Reproduce exactly, with no other output, every line of the data below from the line containing "Black squiggly lines, white" to the end, inclusive.
[STUDY MATERIAL]
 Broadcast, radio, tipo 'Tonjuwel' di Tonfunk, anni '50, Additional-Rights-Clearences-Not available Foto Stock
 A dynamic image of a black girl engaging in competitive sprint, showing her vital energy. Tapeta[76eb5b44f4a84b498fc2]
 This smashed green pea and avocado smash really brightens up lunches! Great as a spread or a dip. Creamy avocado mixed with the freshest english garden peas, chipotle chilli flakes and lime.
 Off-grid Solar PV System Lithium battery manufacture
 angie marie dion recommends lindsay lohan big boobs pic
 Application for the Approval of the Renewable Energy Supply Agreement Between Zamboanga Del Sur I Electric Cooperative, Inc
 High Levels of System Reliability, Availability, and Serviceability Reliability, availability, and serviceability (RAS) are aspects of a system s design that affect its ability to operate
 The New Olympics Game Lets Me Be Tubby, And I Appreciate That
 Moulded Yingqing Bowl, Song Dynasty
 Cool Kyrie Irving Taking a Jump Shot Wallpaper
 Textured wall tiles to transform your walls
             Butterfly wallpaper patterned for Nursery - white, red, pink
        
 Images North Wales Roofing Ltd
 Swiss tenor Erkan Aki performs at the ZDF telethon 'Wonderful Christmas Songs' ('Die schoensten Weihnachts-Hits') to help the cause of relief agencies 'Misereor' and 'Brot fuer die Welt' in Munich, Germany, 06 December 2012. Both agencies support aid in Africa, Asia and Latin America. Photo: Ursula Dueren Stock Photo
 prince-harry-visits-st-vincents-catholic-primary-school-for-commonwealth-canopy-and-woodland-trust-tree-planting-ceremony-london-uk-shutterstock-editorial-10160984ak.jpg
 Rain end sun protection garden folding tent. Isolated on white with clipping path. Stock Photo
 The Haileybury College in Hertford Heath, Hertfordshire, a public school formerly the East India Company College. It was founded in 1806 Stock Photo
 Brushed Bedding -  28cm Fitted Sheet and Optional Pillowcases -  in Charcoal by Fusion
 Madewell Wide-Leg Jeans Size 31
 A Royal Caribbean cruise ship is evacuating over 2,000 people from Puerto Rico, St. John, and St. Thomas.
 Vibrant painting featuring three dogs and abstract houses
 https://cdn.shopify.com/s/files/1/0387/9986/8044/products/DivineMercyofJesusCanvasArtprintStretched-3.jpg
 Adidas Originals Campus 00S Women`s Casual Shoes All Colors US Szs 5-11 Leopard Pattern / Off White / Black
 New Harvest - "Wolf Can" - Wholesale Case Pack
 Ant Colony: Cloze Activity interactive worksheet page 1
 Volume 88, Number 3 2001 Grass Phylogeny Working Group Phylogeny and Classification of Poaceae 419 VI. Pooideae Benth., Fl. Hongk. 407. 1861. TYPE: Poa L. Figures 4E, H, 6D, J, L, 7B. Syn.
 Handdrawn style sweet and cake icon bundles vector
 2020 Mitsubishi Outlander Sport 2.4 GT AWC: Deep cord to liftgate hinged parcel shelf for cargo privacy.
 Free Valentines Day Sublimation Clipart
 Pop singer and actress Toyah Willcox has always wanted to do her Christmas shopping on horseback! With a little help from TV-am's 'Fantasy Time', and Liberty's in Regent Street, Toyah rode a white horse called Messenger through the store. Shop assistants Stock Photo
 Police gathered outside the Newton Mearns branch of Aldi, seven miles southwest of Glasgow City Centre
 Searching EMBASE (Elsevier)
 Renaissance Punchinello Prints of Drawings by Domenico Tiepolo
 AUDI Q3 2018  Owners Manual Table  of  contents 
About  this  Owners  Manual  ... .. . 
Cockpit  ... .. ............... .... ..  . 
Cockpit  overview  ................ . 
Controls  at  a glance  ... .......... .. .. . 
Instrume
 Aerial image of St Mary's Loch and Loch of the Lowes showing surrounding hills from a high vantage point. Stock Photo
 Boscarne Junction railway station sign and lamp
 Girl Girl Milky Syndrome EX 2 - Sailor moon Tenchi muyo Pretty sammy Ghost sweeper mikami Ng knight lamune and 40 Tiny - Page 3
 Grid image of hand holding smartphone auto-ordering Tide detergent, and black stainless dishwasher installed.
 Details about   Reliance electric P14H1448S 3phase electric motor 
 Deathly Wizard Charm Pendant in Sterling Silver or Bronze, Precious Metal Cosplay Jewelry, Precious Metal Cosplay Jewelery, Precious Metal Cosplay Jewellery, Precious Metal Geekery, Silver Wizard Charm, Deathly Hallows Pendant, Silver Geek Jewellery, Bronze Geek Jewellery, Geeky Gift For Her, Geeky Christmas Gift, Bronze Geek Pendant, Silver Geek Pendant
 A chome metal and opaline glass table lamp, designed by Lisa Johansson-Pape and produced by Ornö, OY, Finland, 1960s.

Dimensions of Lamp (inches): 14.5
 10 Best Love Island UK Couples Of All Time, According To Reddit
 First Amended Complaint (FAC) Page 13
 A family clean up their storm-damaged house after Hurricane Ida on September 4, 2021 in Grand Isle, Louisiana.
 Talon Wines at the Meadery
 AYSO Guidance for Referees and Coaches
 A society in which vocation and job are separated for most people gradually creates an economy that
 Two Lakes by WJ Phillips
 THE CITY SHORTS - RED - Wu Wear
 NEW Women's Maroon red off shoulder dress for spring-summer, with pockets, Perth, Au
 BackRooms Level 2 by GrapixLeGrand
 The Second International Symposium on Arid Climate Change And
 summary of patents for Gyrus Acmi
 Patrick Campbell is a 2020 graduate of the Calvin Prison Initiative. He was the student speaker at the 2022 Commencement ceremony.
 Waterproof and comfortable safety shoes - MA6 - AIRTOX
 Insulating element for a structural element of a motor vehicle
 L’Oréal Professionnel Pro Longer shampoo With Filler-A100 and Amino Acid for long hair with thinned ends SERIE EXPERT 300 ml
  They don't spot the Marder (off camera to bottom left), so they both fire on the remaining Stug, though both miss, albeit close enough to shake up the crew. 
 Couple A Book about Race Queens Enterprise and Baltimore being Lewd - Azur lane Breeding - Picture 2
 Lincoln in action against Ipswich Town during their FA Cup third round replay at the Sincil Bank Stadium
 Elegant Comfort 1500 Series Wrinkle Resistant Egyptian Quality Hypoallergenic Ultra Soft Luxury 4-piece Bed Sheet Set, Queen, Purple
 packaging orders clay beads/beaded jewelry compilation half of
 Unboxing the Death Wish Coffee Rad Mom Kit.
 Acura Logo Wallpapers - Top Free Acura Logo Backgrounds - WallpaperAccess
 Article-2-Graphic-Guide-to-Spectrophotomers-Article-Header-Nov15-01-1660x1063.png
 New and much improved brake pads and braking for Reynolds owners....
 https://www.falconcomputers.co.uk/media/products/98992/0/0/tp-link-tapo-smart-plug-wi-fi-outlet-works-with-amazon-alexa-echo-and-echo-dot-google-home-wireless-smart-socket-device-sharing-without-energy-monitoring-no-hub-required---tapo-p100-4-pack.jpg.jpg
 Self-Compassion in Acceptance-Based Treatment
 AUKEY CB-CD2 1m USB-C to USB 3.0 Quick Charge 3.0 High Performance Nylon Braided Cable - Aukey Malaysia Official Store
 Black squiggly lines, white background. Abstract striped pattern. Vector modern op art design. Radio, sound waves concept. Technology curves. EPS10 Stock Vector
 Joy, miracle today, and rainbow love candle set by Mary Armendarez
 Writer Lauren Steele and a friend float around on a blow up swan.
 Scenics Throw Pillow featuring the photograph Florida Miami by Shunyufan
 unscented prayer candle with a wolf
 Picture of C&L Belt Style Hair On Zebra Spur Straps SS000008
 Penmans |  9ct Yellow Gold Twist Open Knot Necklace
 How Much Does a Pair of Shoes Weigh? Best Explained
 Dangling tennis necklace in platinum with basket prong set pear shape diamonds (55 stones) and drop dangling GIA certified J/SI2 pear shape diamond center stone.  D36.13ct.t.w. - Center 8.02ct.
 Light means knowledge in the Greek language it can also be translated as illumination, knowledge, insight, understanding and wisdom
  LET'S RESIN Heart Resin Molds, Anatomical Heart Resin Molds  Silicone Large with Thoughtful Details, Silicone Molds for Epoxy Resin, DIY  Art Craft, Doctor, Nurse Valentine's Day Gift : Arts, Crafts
[/STUDY MATERIAL]
◆ RESPONSE AREA:
 Black squiggly lines, white background. Abstract striped pattern. Vector modern op art design. Radio, sound waves concept. Technology curves. EPS10 Stock Vector
 Joy, miracle today, and rainbow love candle set by Mary Armendarez
 Writer Lauren Steele and a friend float around on a blow up swan.
 Scenics Throw Pillow featuring the photograph Florida Miami by Shunyufan
 unscented prayer candle with a wolf
 Picture of C&L Belt Style Hair On Zebra Spur Straps SS000008
 Penmans |  9ct Yellow Gold Twist Open Knot Necklace
 How Much Does a Pair of Shoes Weigh? Best Explained
 Dangling tennis necklace in platinum with basket prong set pear shape diamonds (55 stones) and drop dangling GIA certified J/SI2 pear shape diamond center stone.  D36.13ct.t.w. - Center 8.02ct.
 Light means knowledge in the Greek language it can also be translated as illumination, knowledge, insight, understanding and wisdom
  LET'S RESIN Heart Resin Molds, Anatomical Heart Resin Molds  Silicone Large with Thoughtful Details, Silicone Molds for Epoxy Resin, DIY  Art Craft, Doctor, Nurse Valentine's Day Gift : Arts, Crafts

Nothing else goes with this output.